Back to PortfolioData Engineering

Building Scalable CDC Pipelines with Airbyte and Snowflake

Mar 20268 min read

Why CDC Matters

Change Data Capture (CDC) is a pattern that identifies and tracks changes in source databases so that downstream systems can react in near real-time. Traditional batch ETL simply cannot keep up when business teams need fresh data every few minutes rather than once a day. By capturing only the rows that changed — inserts, updates, and deletes — CDC dramatically reduces data transfer volumes and keeps your warehouse costs under control.

Architecture Overview

Our pipeline processes approximately 200 GB of incremental data per day from PostgreSQL to Snowflake. At its core, Airbyte handles the replication layer. It reads the PostgreSQL WAL (Write-Ahead Log) and emits change events in a normalized format. Airflow orchestrates the entire workflow — triggering Airbyte syncs, running data quality checks, and managing SCD Type-2 merge operations in Snowflake. The separation of concerns between the two tools is key: Airbyte focuses on reliable extraction, and Airflow handles scheduling, retries, and alerting.

Configuring Airbyte for CDC

Setting up CDC in Airbyte involves enabling logical replication on PostgreSQL (wal_level = logical), creating a dedicated replication slot, and configuring Airbyte's PostgreSQL source connector with the CDC option. One critical lesson: always set a replication slot monitoring alert. If Airbyte goes down and the slot isn't consumed, the WAL will grow unbounded and eventually fill your disk. We use a simple CloudWatch alarm on the pg_replication_slots view to catch this early.

SCD Type-2 in Snowflake

Once the raw change events land in a staging table in Snowflake, we run a MERGE statement to apply them against the target dimension table using SCD Type-2 logic. This preserves full history: when a row is updated, the existing record gets an end_date timestamp and a new record is inserted with the updated values. The MERGE runs inside an Airflow task that also performs row-count reconciliation between the source and target to catch any drift.

Handling Schema Evolution

Schema changes in the source database are inevitable. New columns, renamed fields, type changes — all of these can break a CDC pipeline. We handle this by enabling Airbyte's "detect and propagate schema changes" feature and pairing it with a custom Airflow sensor that detects schema mismatches before the merge step. When a mismatch is found, the pipeline pauses and sends a Slack alert so the team can review and approve the DDL change in Snowflake.

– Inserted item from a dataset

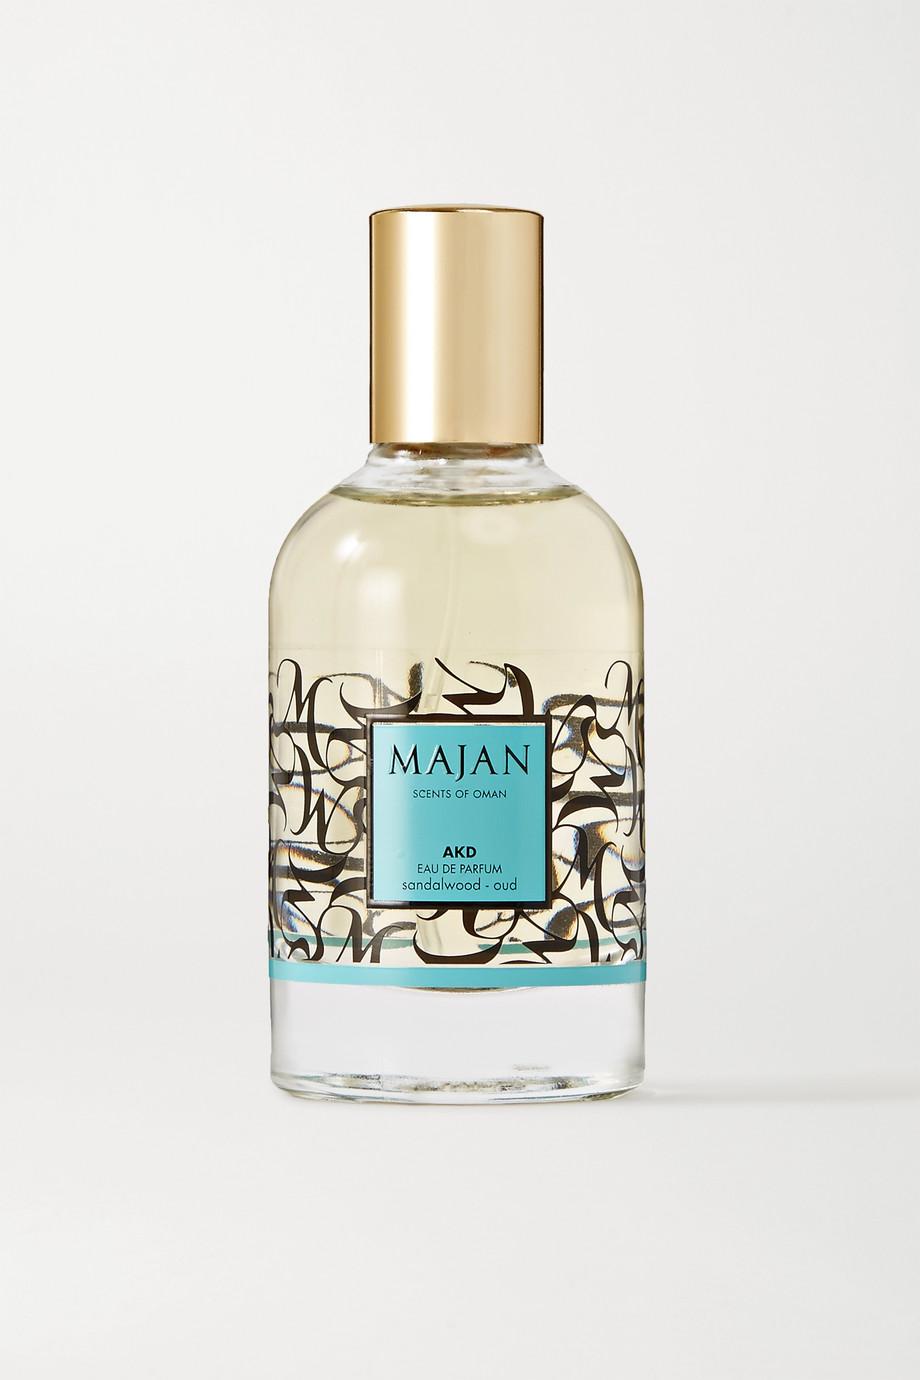 MAJAN AKD, 50 ml – Eau de Parfum
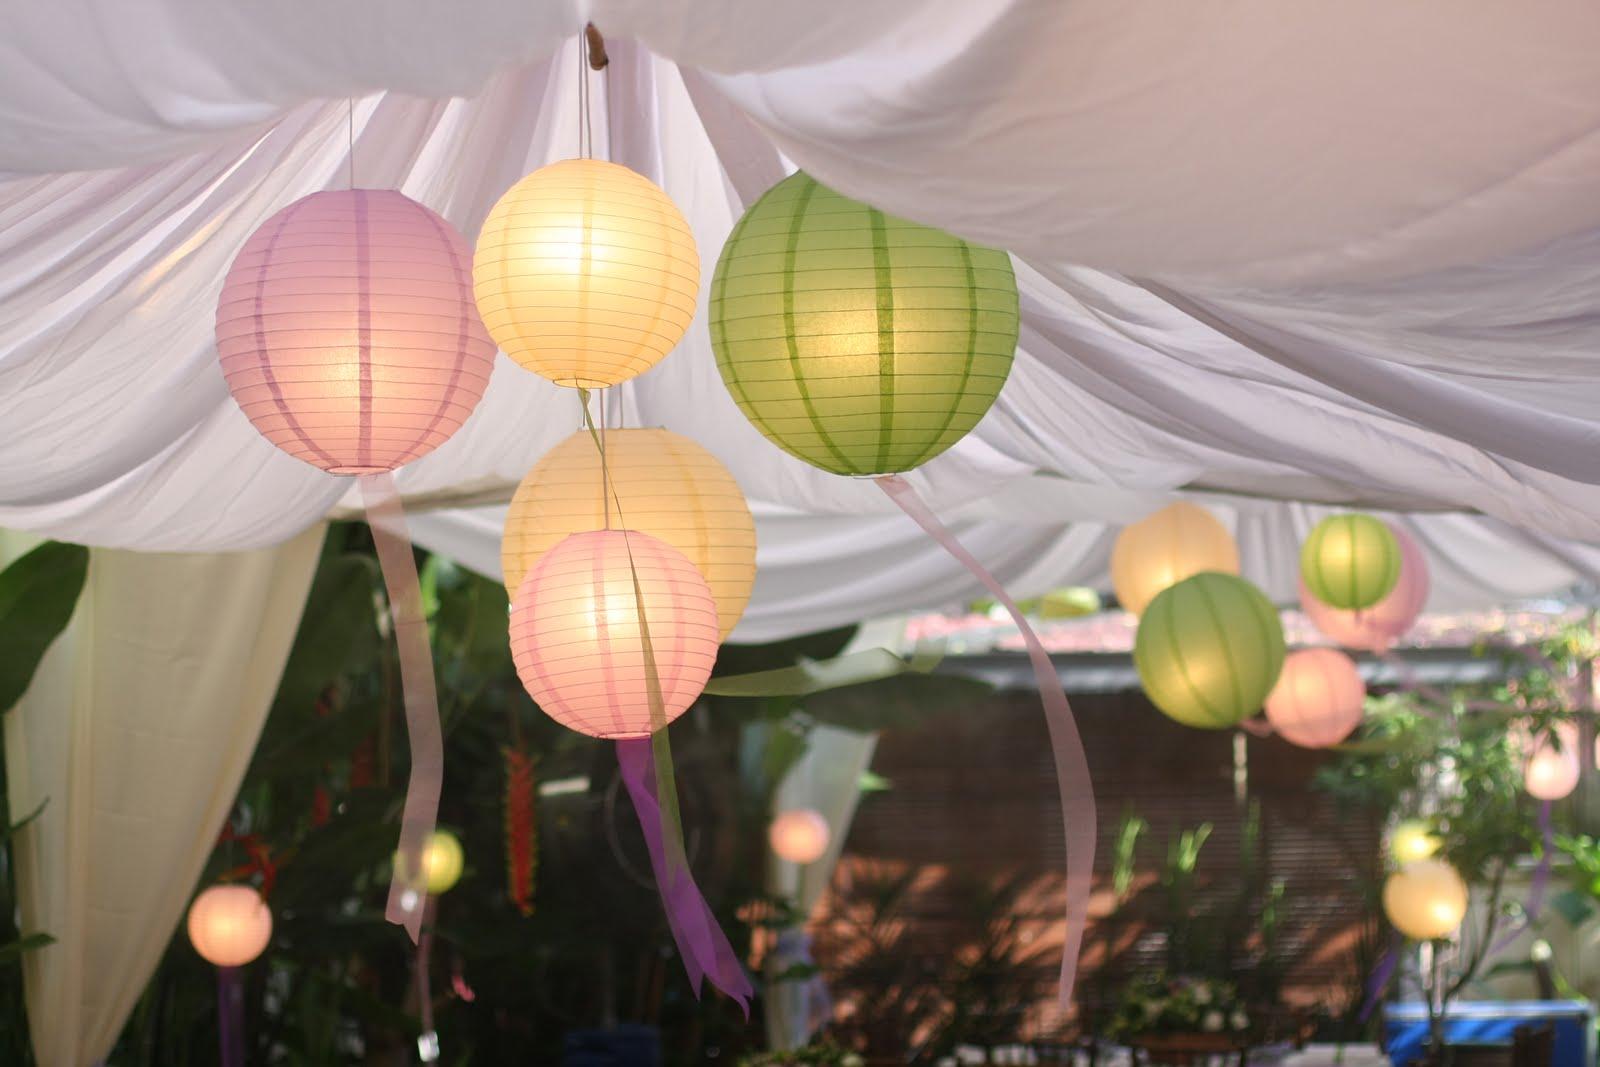 khareyan events paper lantern ideas. Black Bedroom Furniture Sets. Home Design Ideas

Performance and Cost Optimization

Running CDC at scale requires careful tuning. We use Snowflake's transient tables for staging to avoid Time Travel storage costs, size our virtual warehouse to SMALL for most syncs (scaling up only for initial full loads), and compress staging files with Snappy before loading. On the Airbyte side, we tune the batch size and flush interval to balance latency against API call volume. These optimizations reduced our monthly Snowflake bill by roughly 25%.

💡Key Takeaways

  • 1.CDC captures only changed rows, reducing transfer volumes by 90%+ compared to full-table batch loads.
  • 2.Separating extraction (Airbyte) from orchestration (Airflow) makes each component independently testable and replaceable.
  • 3.Always monitor your PostgreSQL replication slot to prevent WAL disk exhaustion.
  • 4.SCD Type-2 merge logic in Snowflake preserves full history for audit and analytics.
  • 5.Schema evolution handling is not optional — automate detection and approval workflows early.